When Are Nonconvex Optimization Problems Not Scary? (2015) - tpudlik
https://arxiv.org/abs/1510.06096
======
tpudlik
Abstract of a talk with the same title by one of the authors (Ju Sun; coming
up at Duke University on February 5th, 2018):

Many problems arising from scientific and engineering applications can be
naturally formulated as optimization problems, most of which are nonconvex.
For nonconvex problems, obtaining a local minimizer is computationally hard in
theory, never mind the global minimizer.
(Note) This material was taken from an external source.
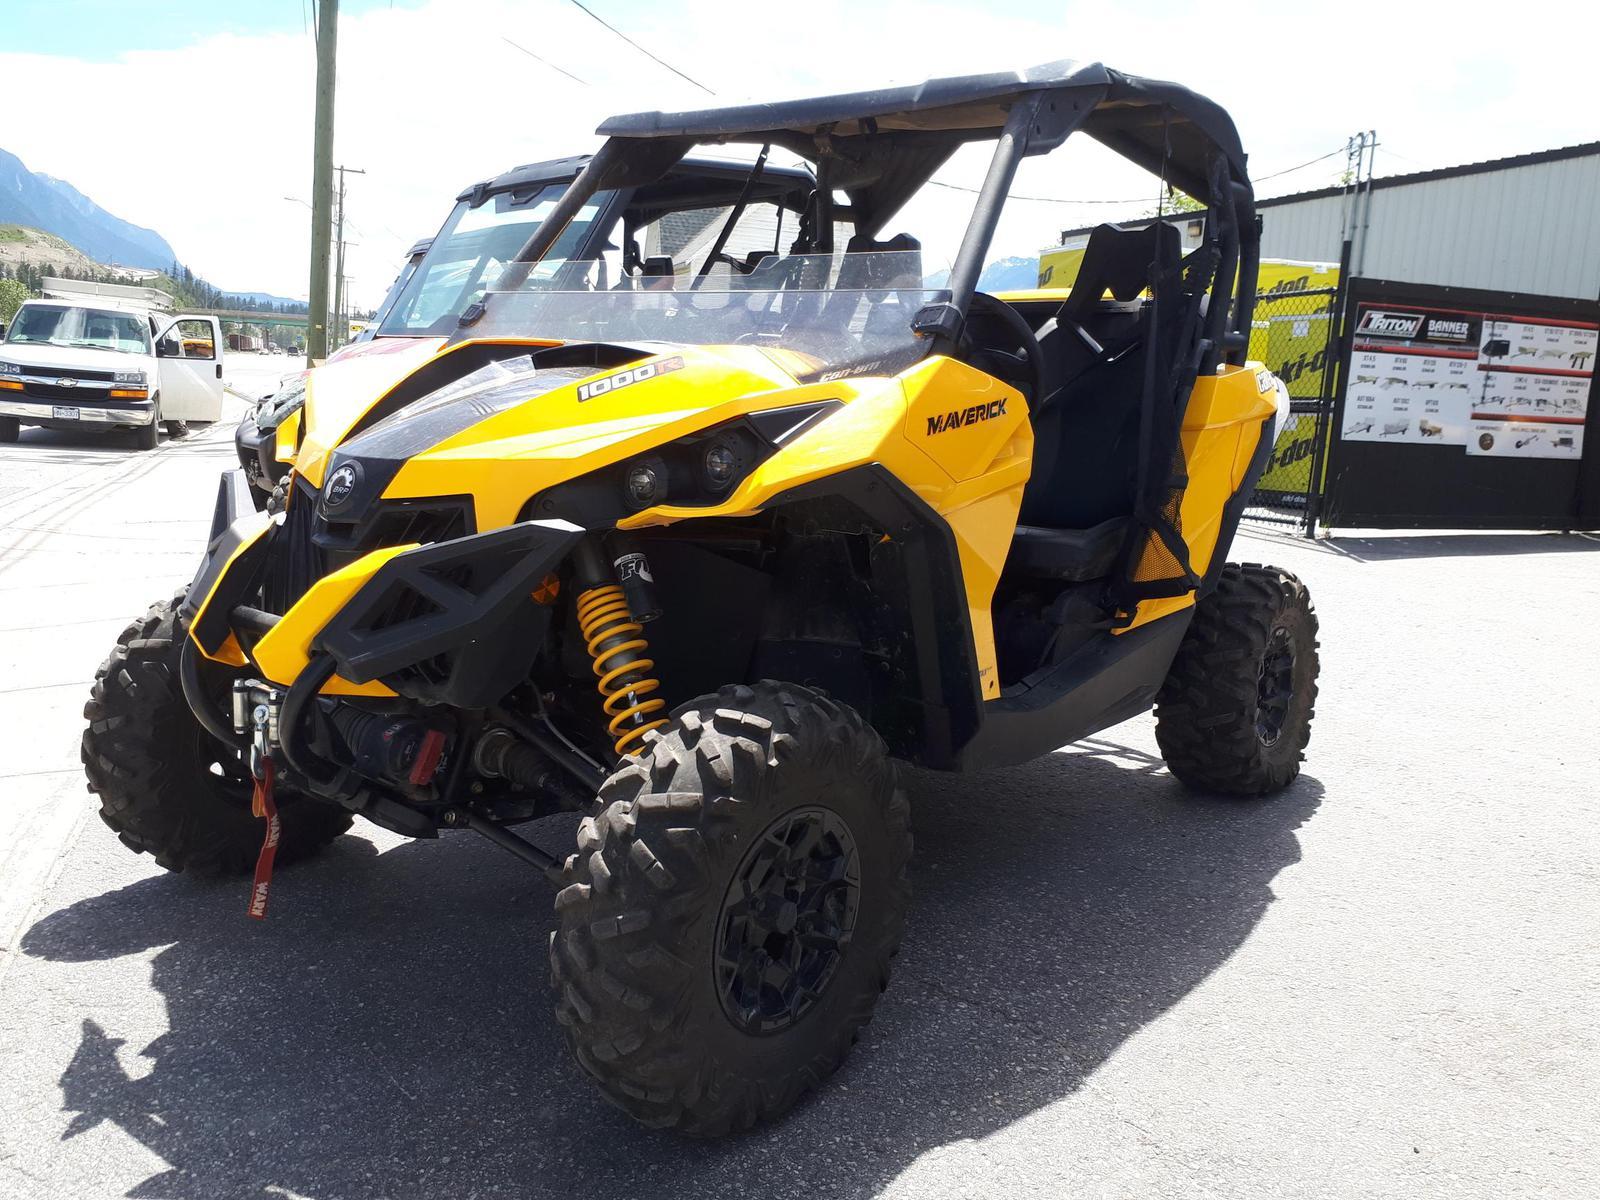 2013 Can-Am ATV Maverick 1000r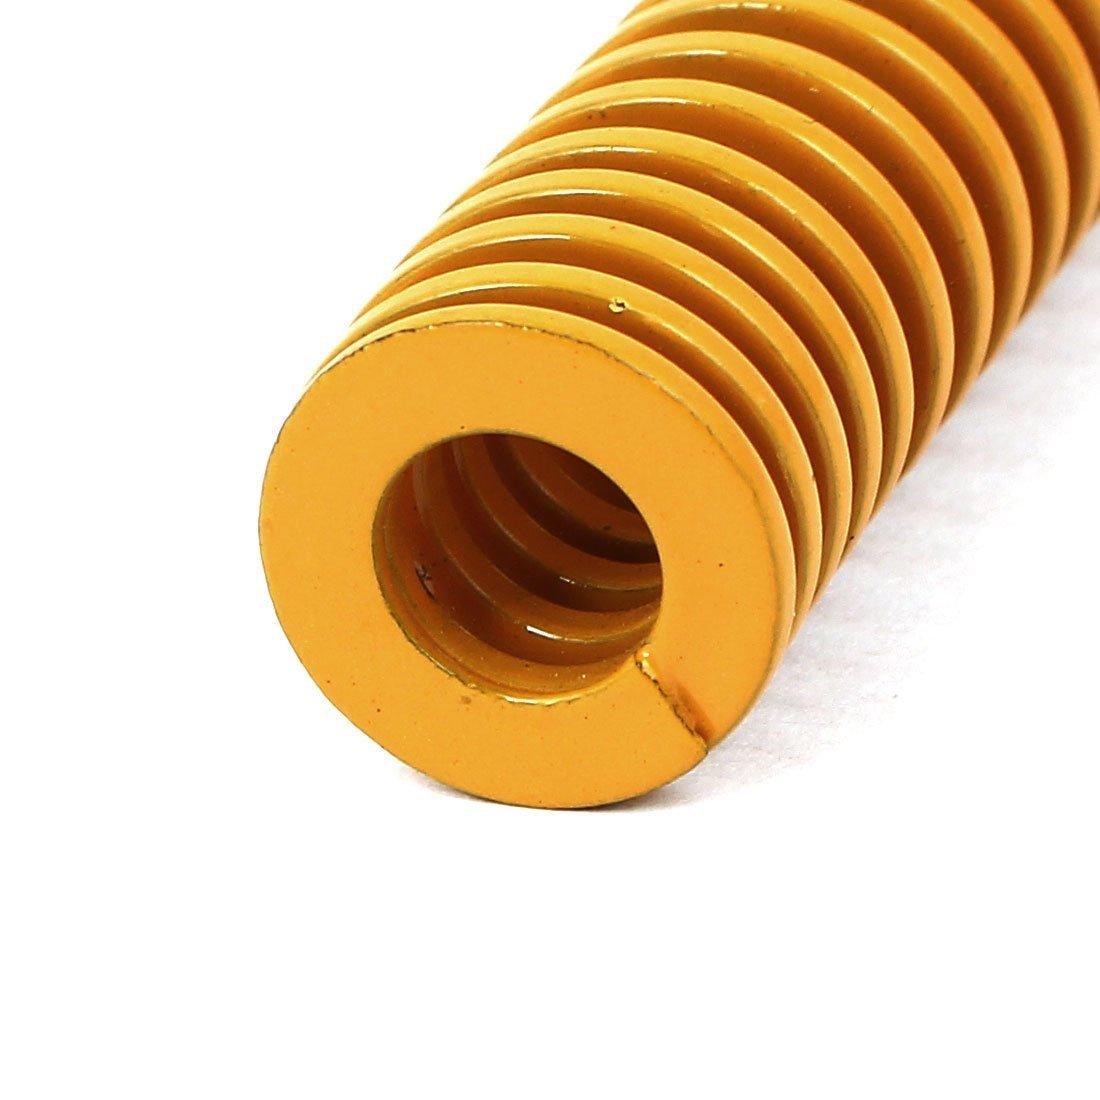 DealMux 16 milímetros x 75 milímetros Seção Tubular Mold Mold Die Primavera Amarelo: Amazon.com: Industrial & Scientific

In practice, however, simple
numerical methods often work surprisingly well in finding high-quality
solutions for specific problems at hand.

In this talk, I will describe our recent effort in bridging the mysterious
theory-practice gap for nonconvex optimization. I will highlight a family of
nonconvex problems that can be solved to global optimality using simple
numerical methods, independent of initialization. This family has the
characteristic global structure that (1) all local minimizers are global, and
(2) all saddle points have directional negative curvatures. Problems lying in
this family cover various applications across machine learning, signal
processing, scientific imaging, and more. I will focus on two examples we
worked out: learning sparsifying bases for massive data and recovery of
complex signals from phaseless measurements. In both examples, the benign
global structure allows us to derive geometric insights and computational
results that are inaccessible from previous methods. In contrast, alternative
approaches to solving nonconvex problems often entail either expensive convex
relaxation (e.g., solving large-scale semidefinite programs) or delicate
problem-specific initializations.

Completing and enriching this framework is an active research endeavor that is
being undertaken by several research communities. At the end of the talk, I
will discuss open problems to be tackled to move forward.